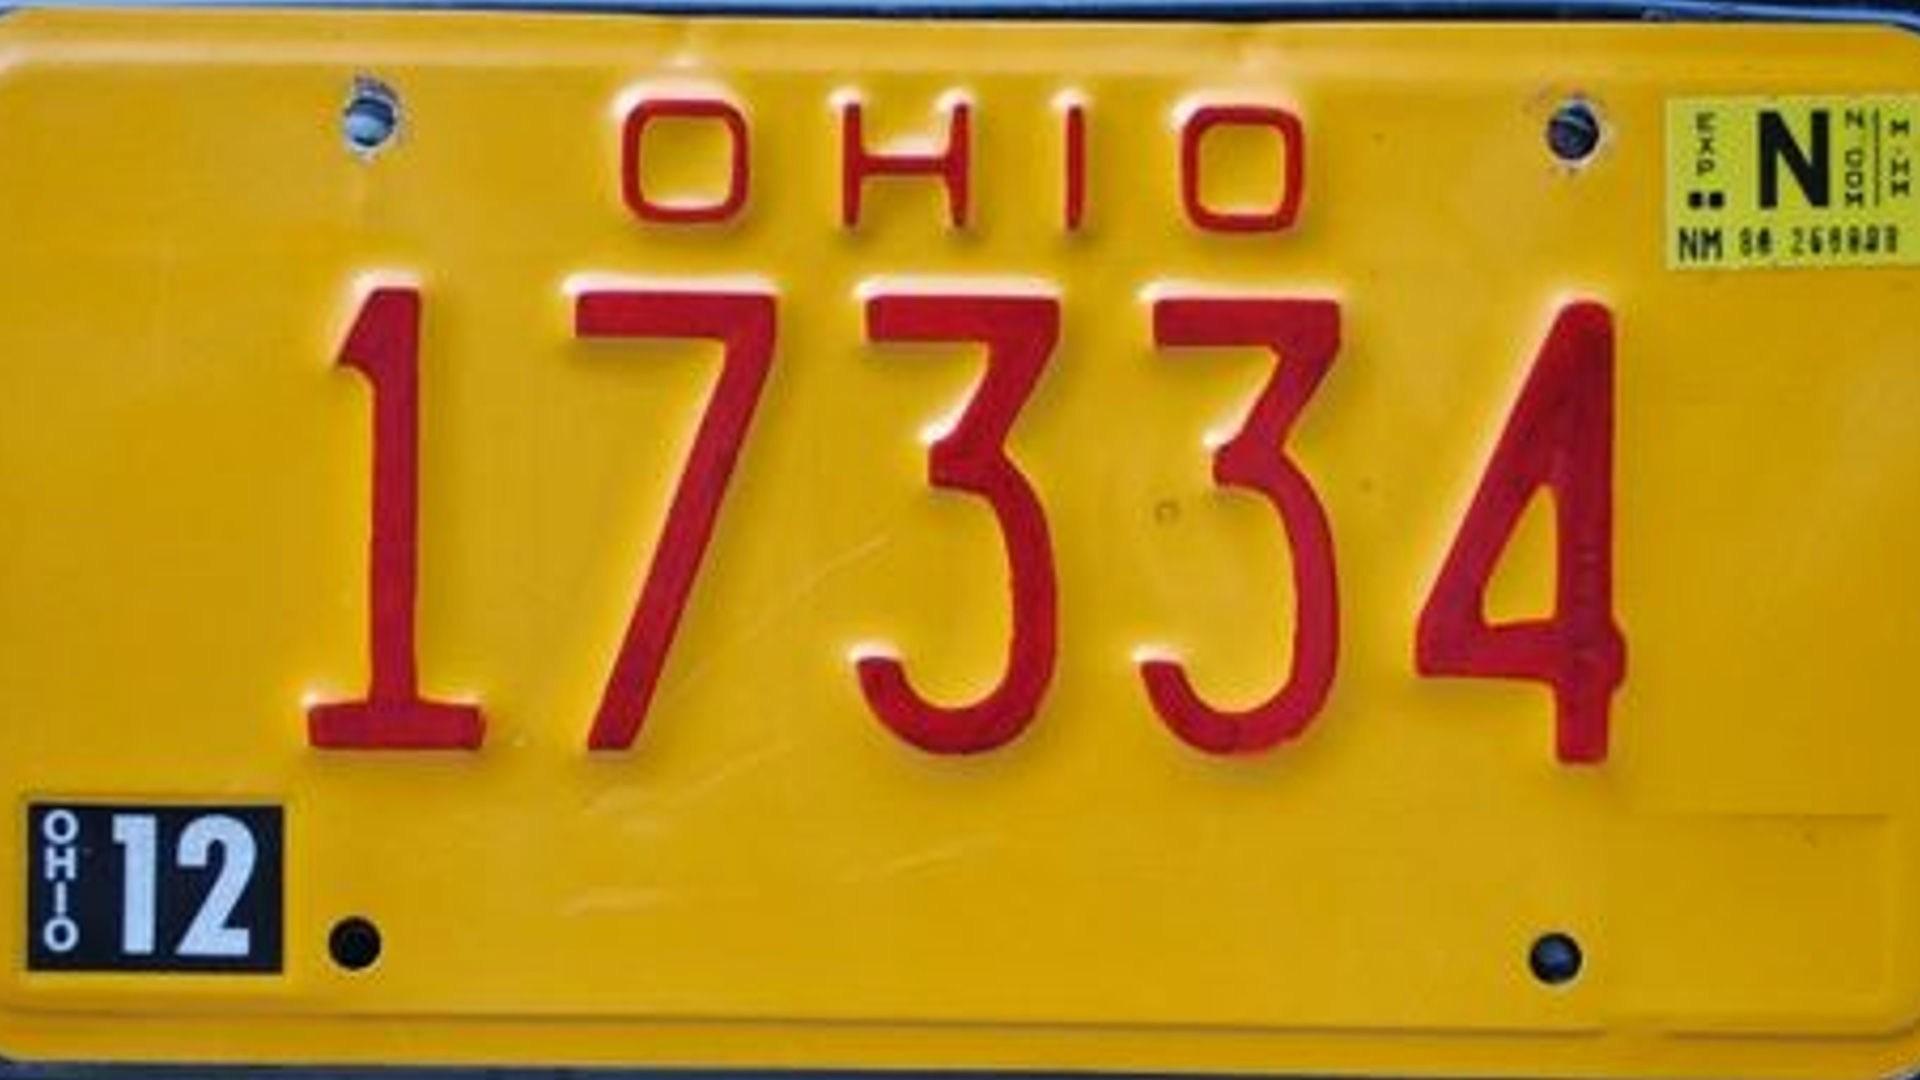 Easttracker blog for Bureau of motor vehicles deputy registrar license agency cleveland oh
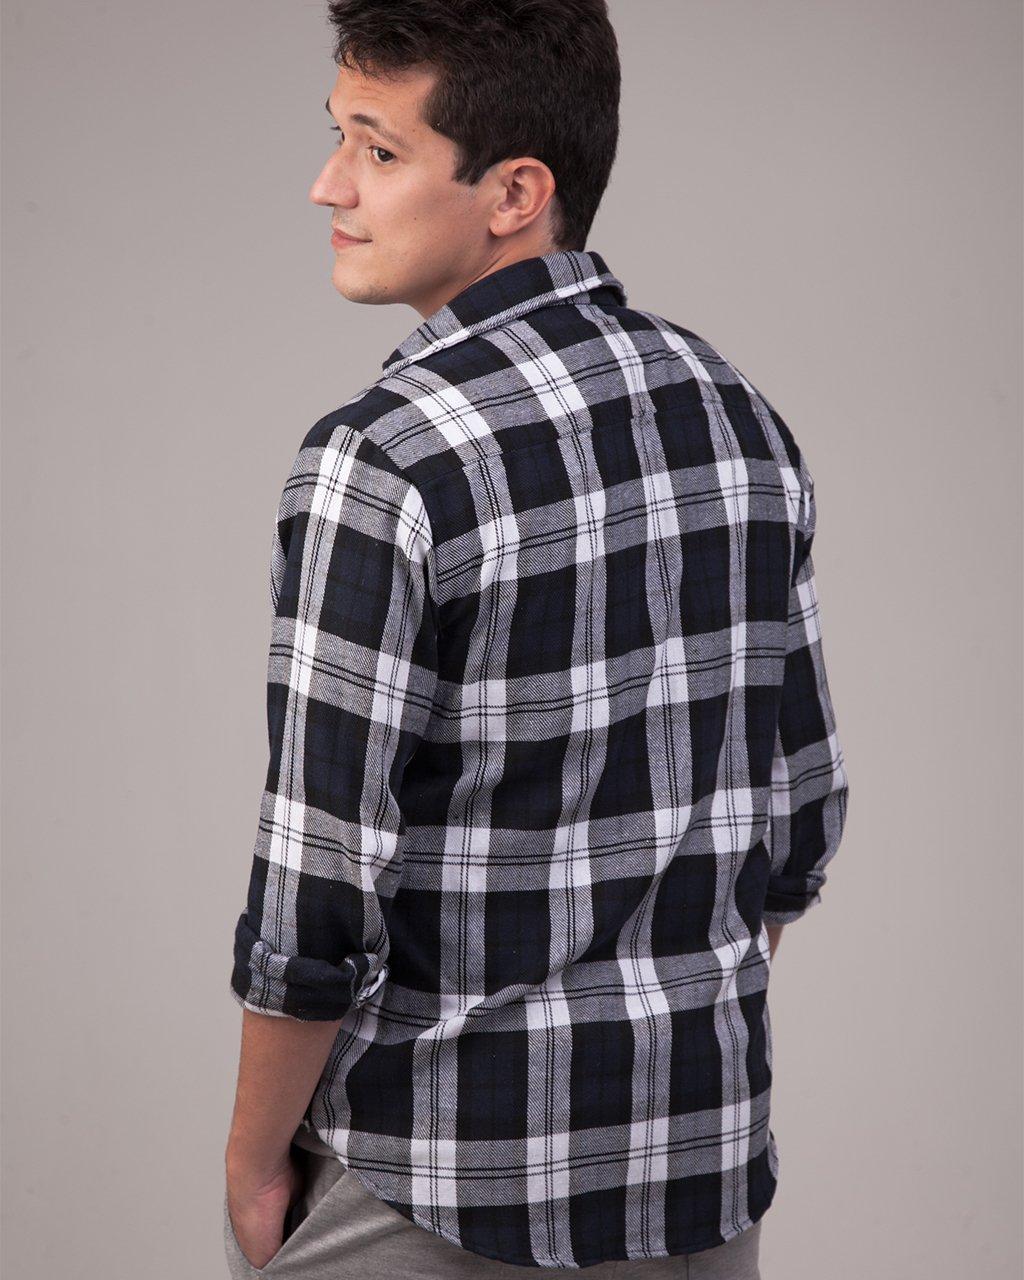 Camisa Flanela Xadrez Manga Comprida
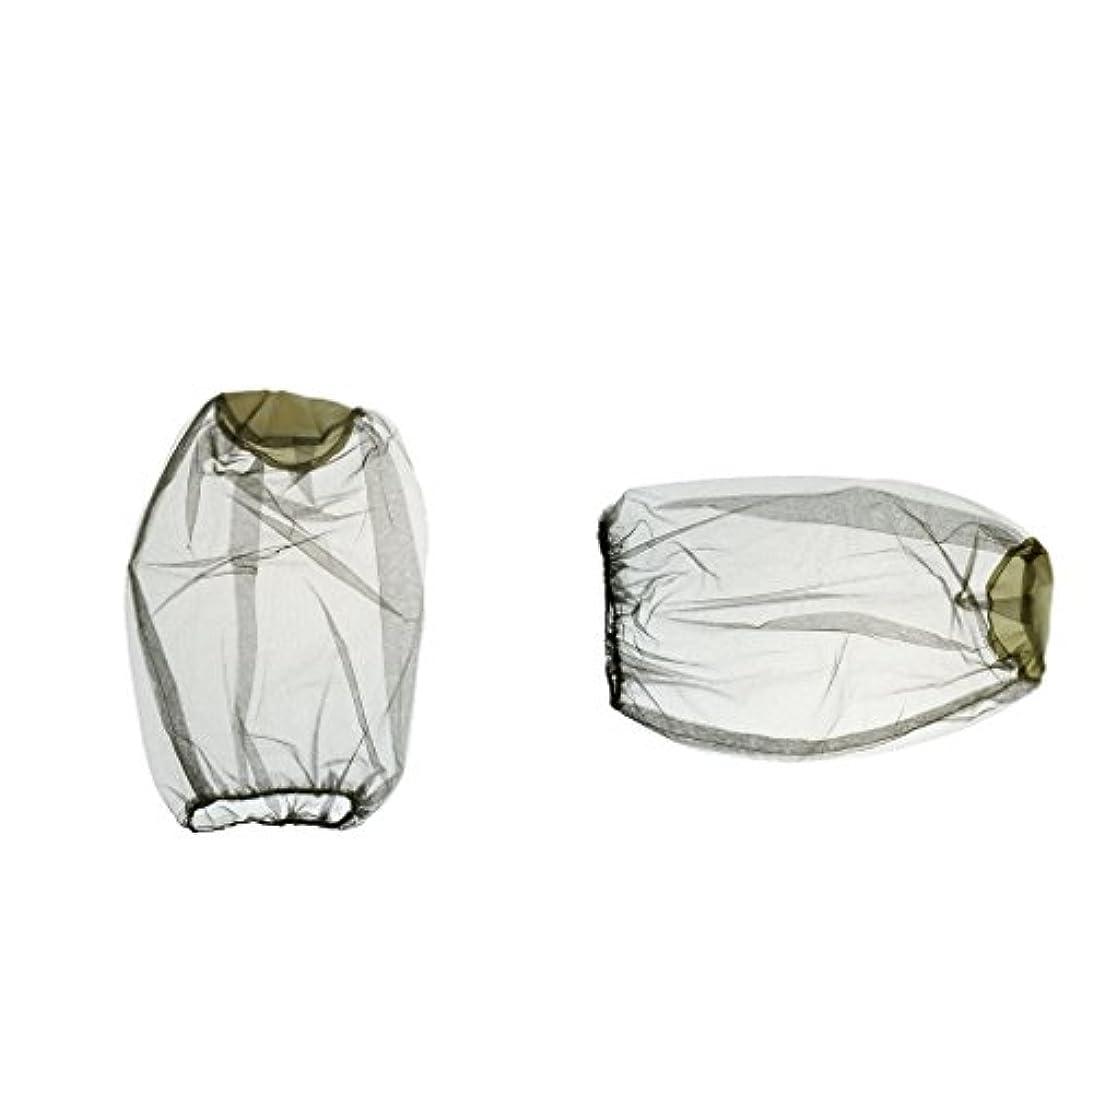 すべき宮殿コレクションBaoblaze 2個 蚊避け ビーバグ ヘッドネット メッシュマスクハット 蜂カバー
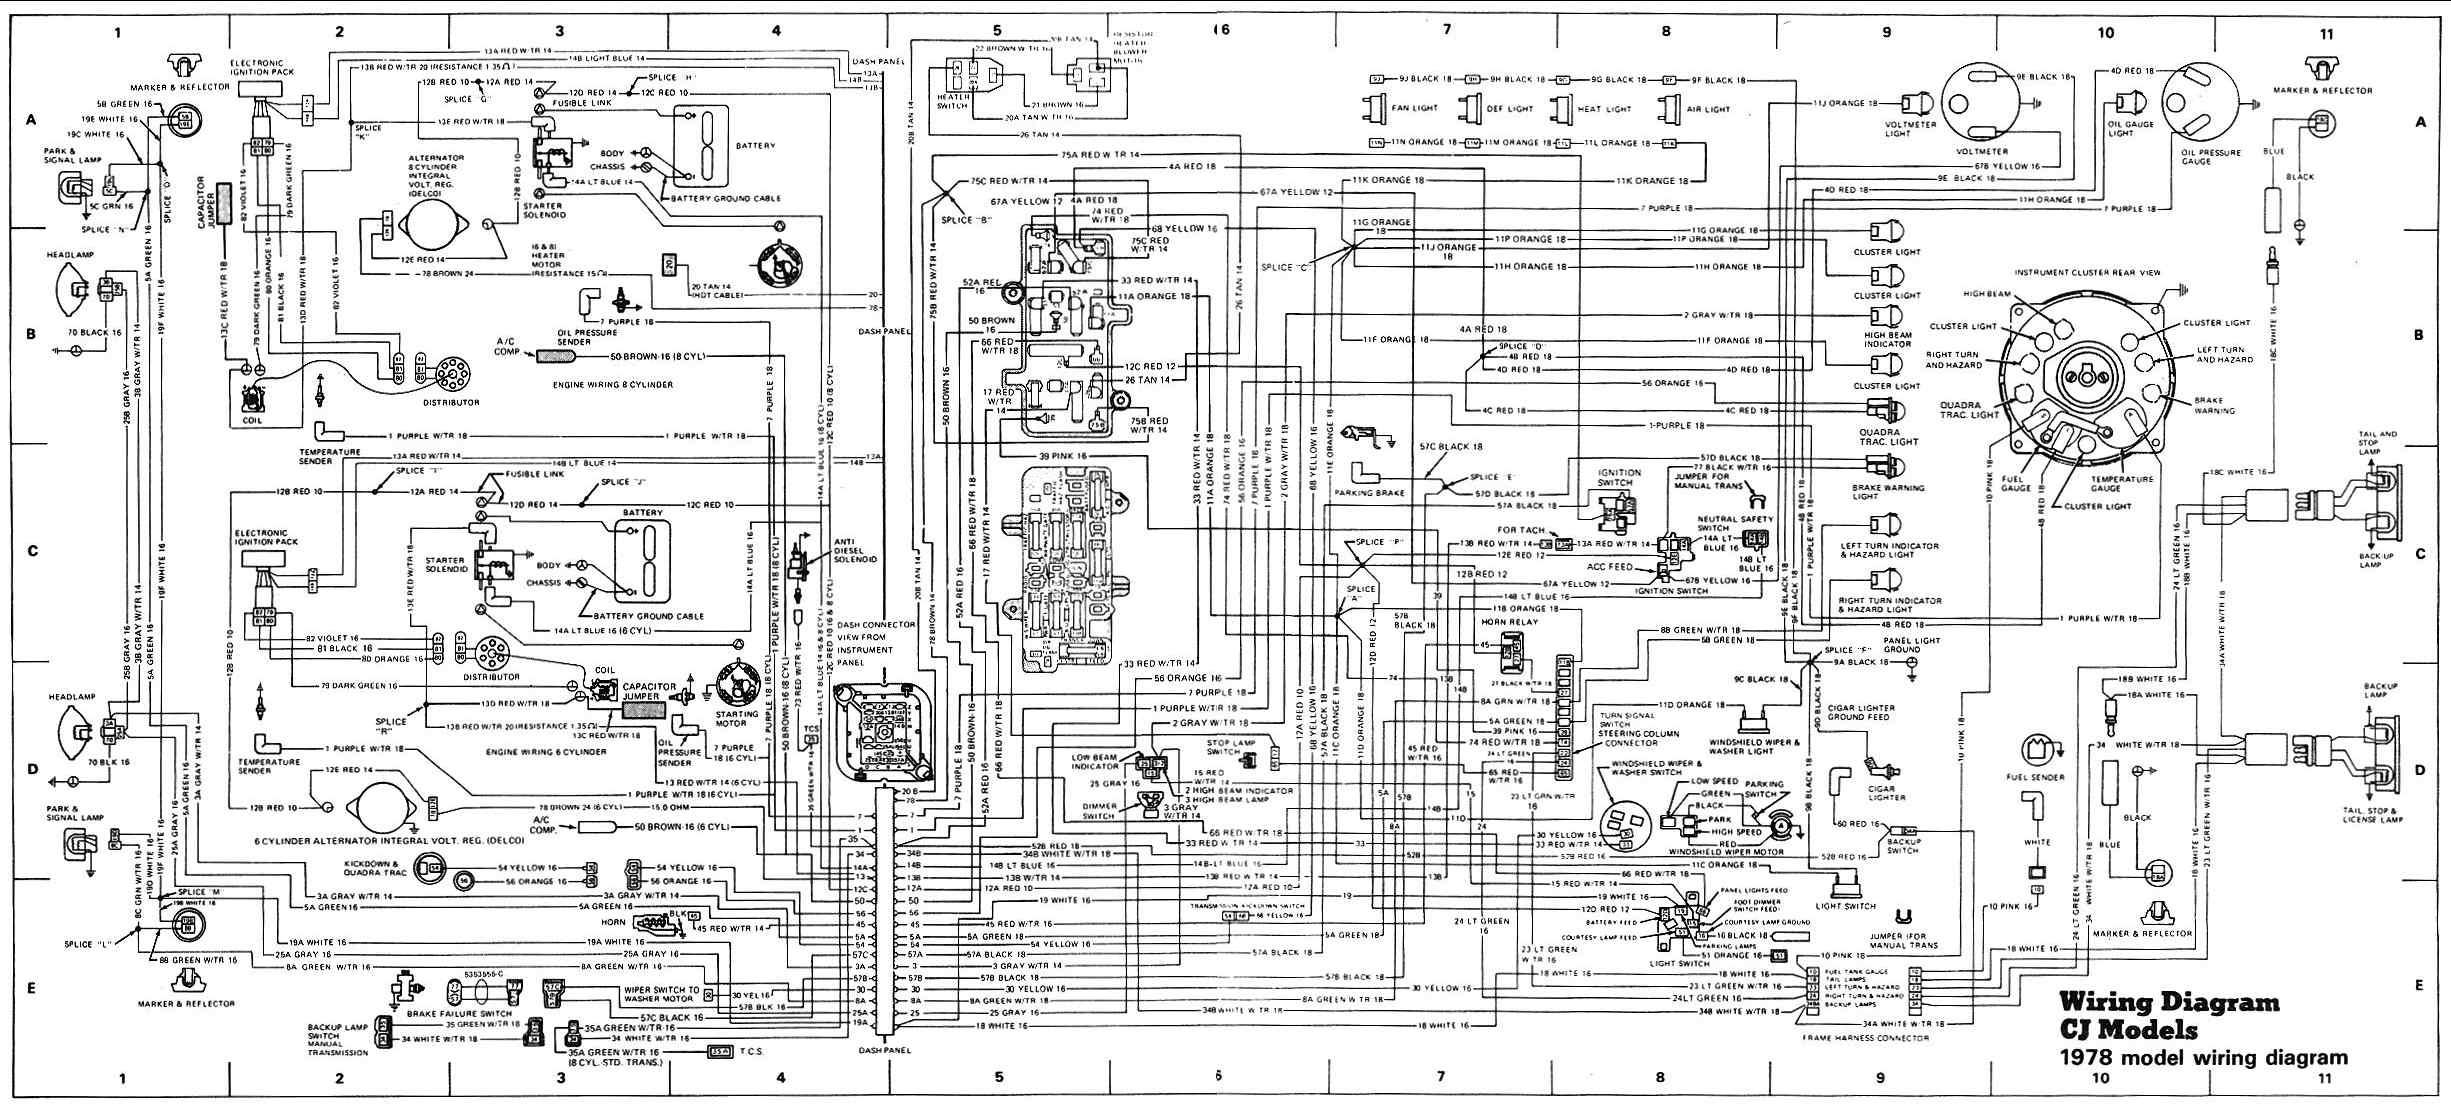 Schön 82 Cj7 Schaltplan Fotos - Elektrische Schaltplan-Ideen ...

Your goal » All text in the material above must be written out exactly; the images are to be skipped.

Reply »
 Easttracker blog for Bureau of motor vehicles deputy registrar license agency cleveland oh
 Camisa Flanela Xadrez Manga Comprida
 すべき宮殿コレクションBaoblaze 2個 蚊避け ビーバグ ヘッドネット メッシュマスクハット 蜂カバー
 Schön 82 Cj7 Schaltplan Fotos - Elektrische Schaltplan-Ideen ...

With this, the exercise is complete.